A few years later, when I stumbled across the evidence of what ex stepson was planning– changing his surname without telling Bill– I looked up #3 in the court system. Sure enough, there was an animal cruelty charge listed for him. I think the fact that #3 kicked a dog so hard that she lost an eye should exclude Ex and #3 from ever having pets again. Ex doesn’t agree, though. Recently, she tweeted this:

How?

Next, she claims she’s always been a “dog rescue momma”… But she has only had one dog that we know of, and that dog lost an eye because her husband couldn’t control himself. Notice that she’s asking for “help”, too. Help with what? Money, no doubt.
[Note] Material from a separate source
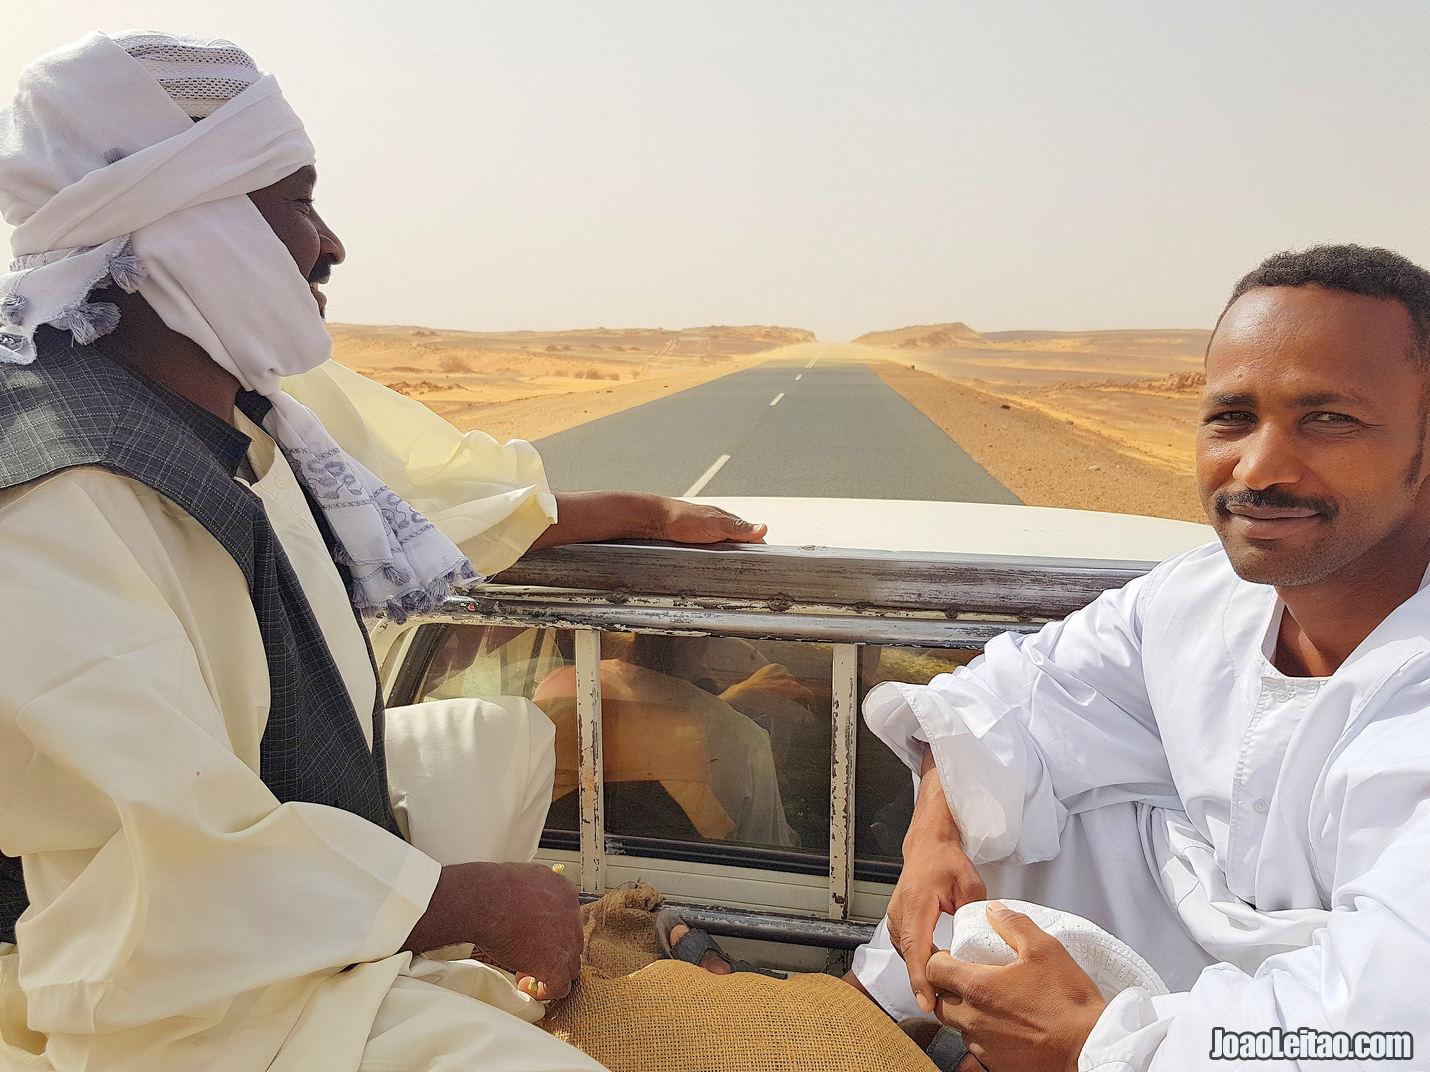 HITCHHIKING IN SUDAN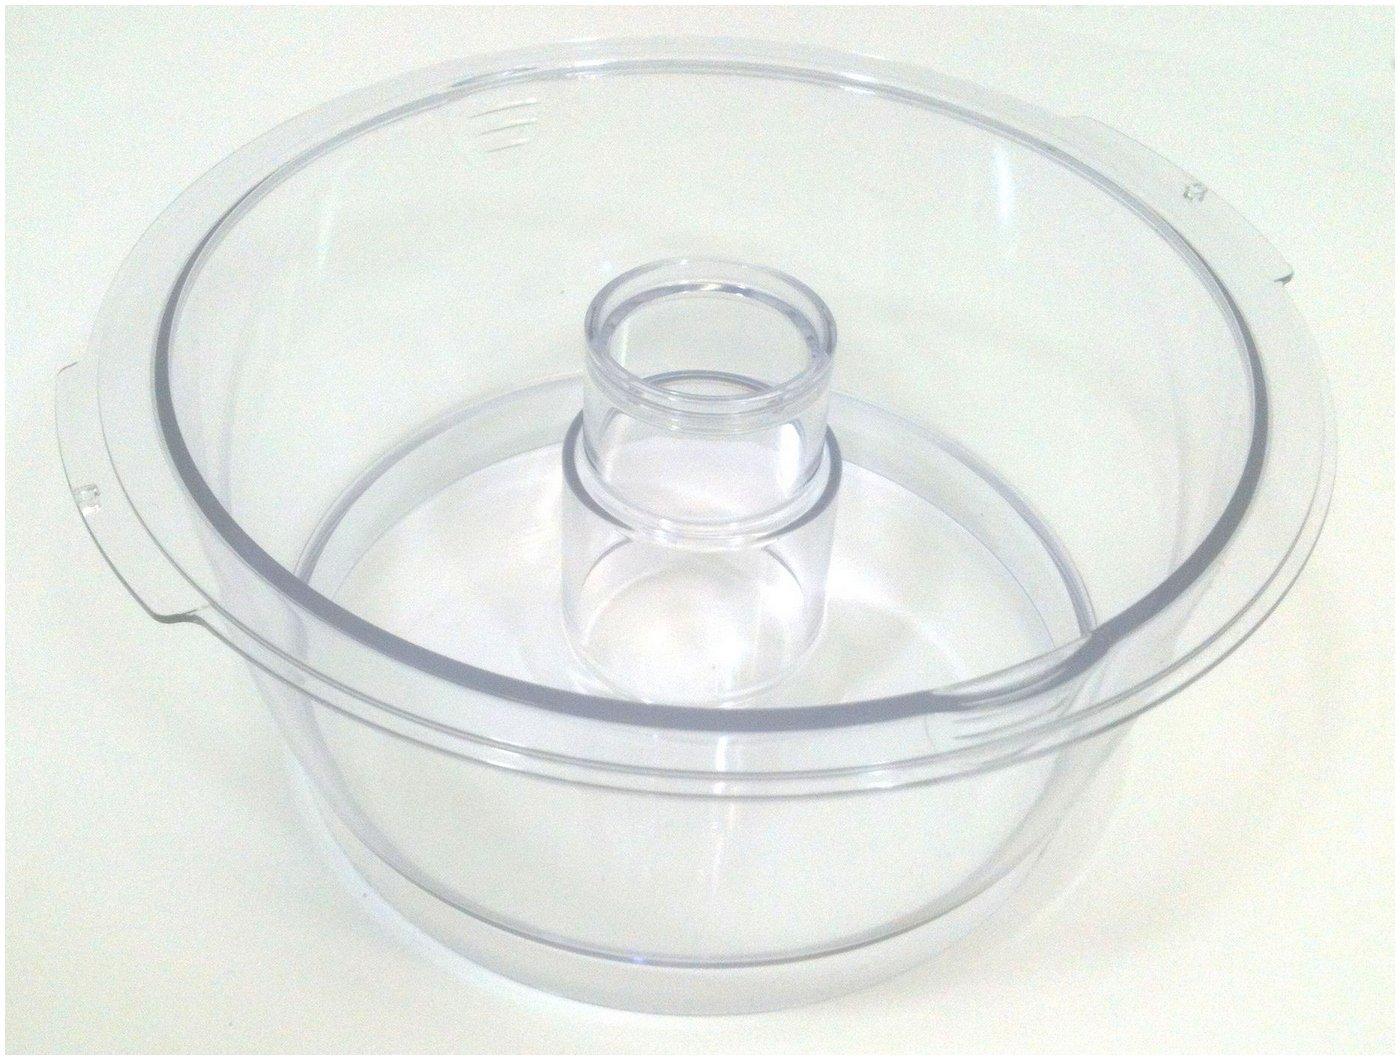 KitchenAid KFP13MB4 4-Cup Mini Bowl For KFP1333

No, Ex. You don’t need to get a dog. You also have never been one to take suggestions from anyone.

No, you haven’t always been a “rescue dog momma”, Ex. Bill and I have always had rescue dogs.

Under normal circumstances, I wouldn’t care too much about this. But it’s just another example of the tremendous lies she puts out to the masses. Sometimes it seems like she lies, even when it would be easier to just tell the truth. And she’s still running a crowdfund campaign for a “new fence”, but no one is contributing to it.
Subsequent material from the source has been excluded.